Disabled workers have received a significant boost for their superannuation prospects with the Fair Work Commission delivering a better deal for low-income earners with disability.
Generally, workers making less than $450 a month are not entitled to receive superannuation payments from their bosses.
However, a special arrangement for disabled low-income workers under the Supported Employment Services Award has meant they are entitled to receive 3 per cent of their ordinary time salary, or $6 a week, in superannuation benefits, whichever is the highest.
However a Fair Work Commission finding has changed that. The United Workers’ Union applied for the arrangement to be changed so that these employees would receive the standard superannuation guarantee of 9.5 per cent, regardless of their income level.
The full bench of the FWC found in the union’s favour and was swayed by the argument that low-income disabled workers got virtually no benefit from the current arrangements because their super payments were eaten up by fees and charges once administration insurance costs were taken into account.

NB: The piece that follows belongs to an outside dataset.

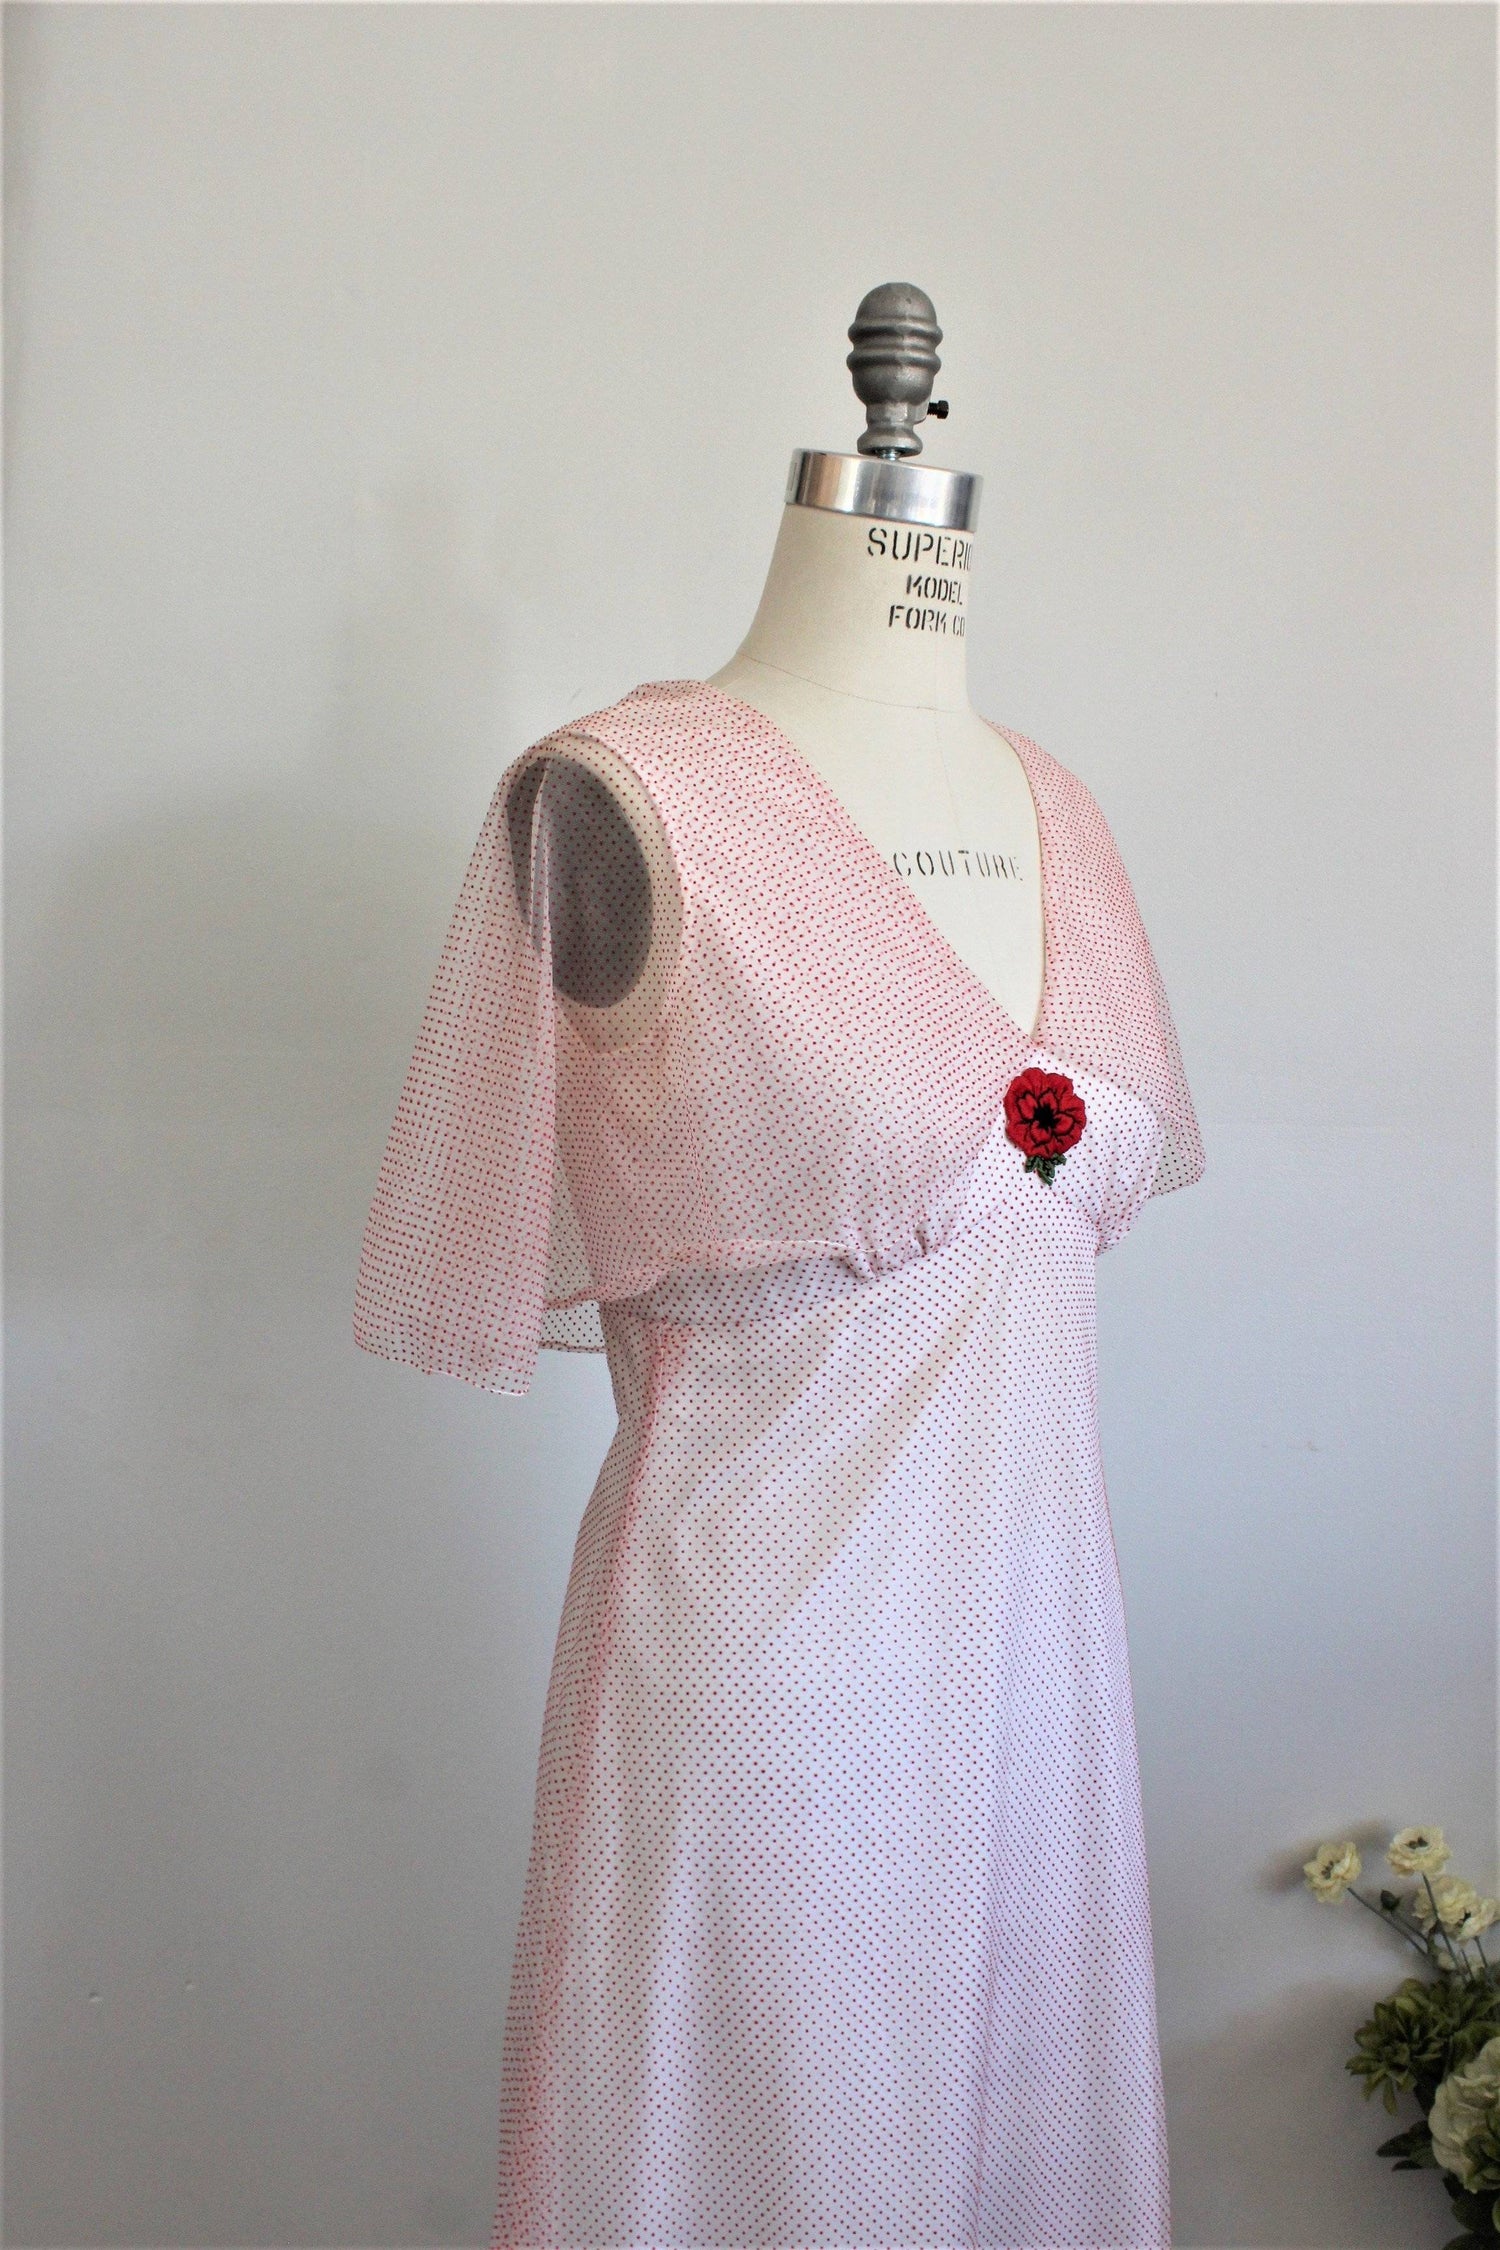 Vintage 1960s Full Length Party Dress, Red and White Polkadots-Toadstool Farm Vintage-1940s Dress,40s Clothing,40s Dress,40s Formal Dress,Full Length Dress,Metal Zipper,Party DRess,Polka Dots,Polkadot,Red and White,Ruffled Hem,Vintage,Vintage Clothing,Vintage Dress,Vintage Dresses

“This is a huge win for disabled workers on the SES Award. Currently, disabled workers had their superannuation balances eaten away by fees and extra premiums for contingencies like disability which wasn’t fair and didn’t make sense,” UWU national secretary Tim Kennedy said.
“The United Workers Union has successfully campaigned for new provisions to be introduced in 2020. This is a great achievement for these workers.”
The changes will take effect from October 1, 2020, subject to further consultations.
AustralianSuper, the country’s largest super fund – with $145 billion under management – has recently introduced a no-insurance default option for disabled workers. It means they will be placed in an account without insurance unless they choose otherwise.
“It is also good to see the industry super funds stepping up and doing the right thing by their members,” Mr Kennedy said.
Until this year, all superannuation funds have been required to offer insurance (generally life and incapacitation policies) to all members on an opt-out basis. However, new legislation means insurance will be provided on an opt-in basis for those with balances less than $6000, and for those under 25, regardless of balance levels, from April 2020.
The FWC finding applies to supported employment services defined as ”a service to support the paid employment of persons with disability for whom competitive employment at or above the relevant award wage is unlikely and who, because of their level of disability, need substantial ongoing support to obtain or retain paid employment”.
“Supported employment services are commonly known as Australian Disability Enterprise,” the FWC finding said.
The award applies to about 20,000 workers.